The literature search was performed using the PubMed (United States National Institutes of Health, Bethesda, MD, United States) database from January 1, 2005 to March 31, 2019. Three index search terms for nonalcoholic fatty liver disease, nonalcoholic steatohepatitis, and fatty liver were combined. Other potential studies were identified from reference lists of previously published review articles. The search was restricted to English-language articles. Conference abstracts were excluded. Three investigators (Patel P, Muller C and Paul S) reviewed articles for study inclusion. Discrepancies were resolved by consensus.
Published studies of patients with NAFLD or NASH receiving any therapeutic intervention were included. NAFLD and NASH were independently defined by each study, usually either by imaging or histology.

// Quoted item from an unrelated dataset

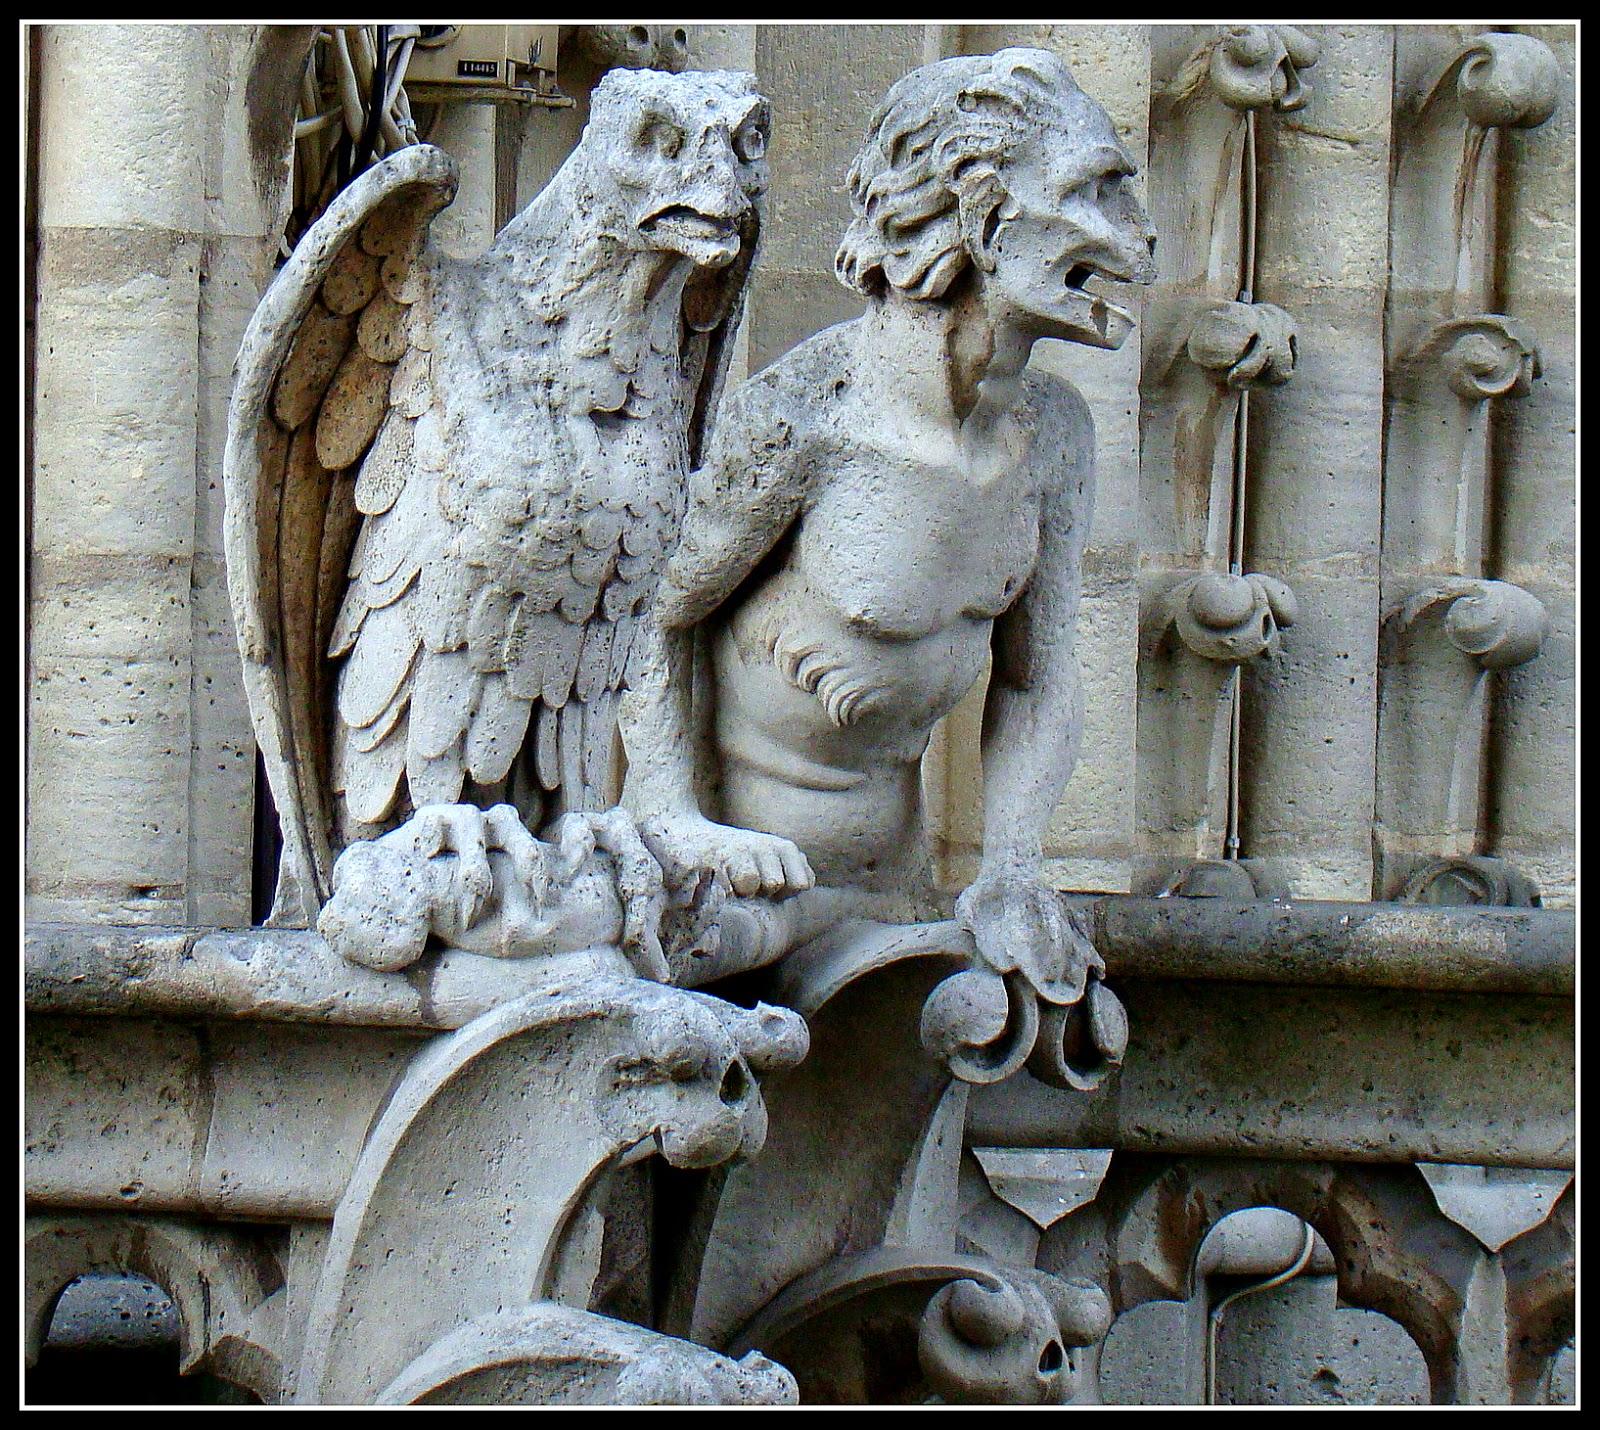 Me pregunto ¿dónde estaría puesta la imaginación de los arquitectos y  escultores de entonces para hacer estas figuras?

Randomized controlled trials (RCTs) or prospective cohort studies conducted in the United States and Canada with human subjects aged 18 years or older were included. Retrospective studies, case-control, case series, case reports, reviews, and studies with non-human subjects or non-English language were excluded. Three investigators (Patel P, Muller C and Paul S) reviewed articles for study inclusion with discrepancies resolved by consensus. All data were extracted by 1 researcher and verified by another independent researcher and included study author, country, publication date, study design, intervention, sex, age, and race and/or ethnicity. Enrollment demographic information regarding race and ethnicity, when available, was recorded as defined in each individual study. For the purposes of analysis, ethnicity referred to designations of “Hispanic” or “non-Hispanic”, reported along with an independent racial designation for each participant.
An assessment of risk of bias was not performed as we had a heterogenous inclusion criteria, and a risk assessment is not applicable to our study design. Additionally, given the framework of our research question, we have demonstrated that these studies are, in fact, biased towards patient selection.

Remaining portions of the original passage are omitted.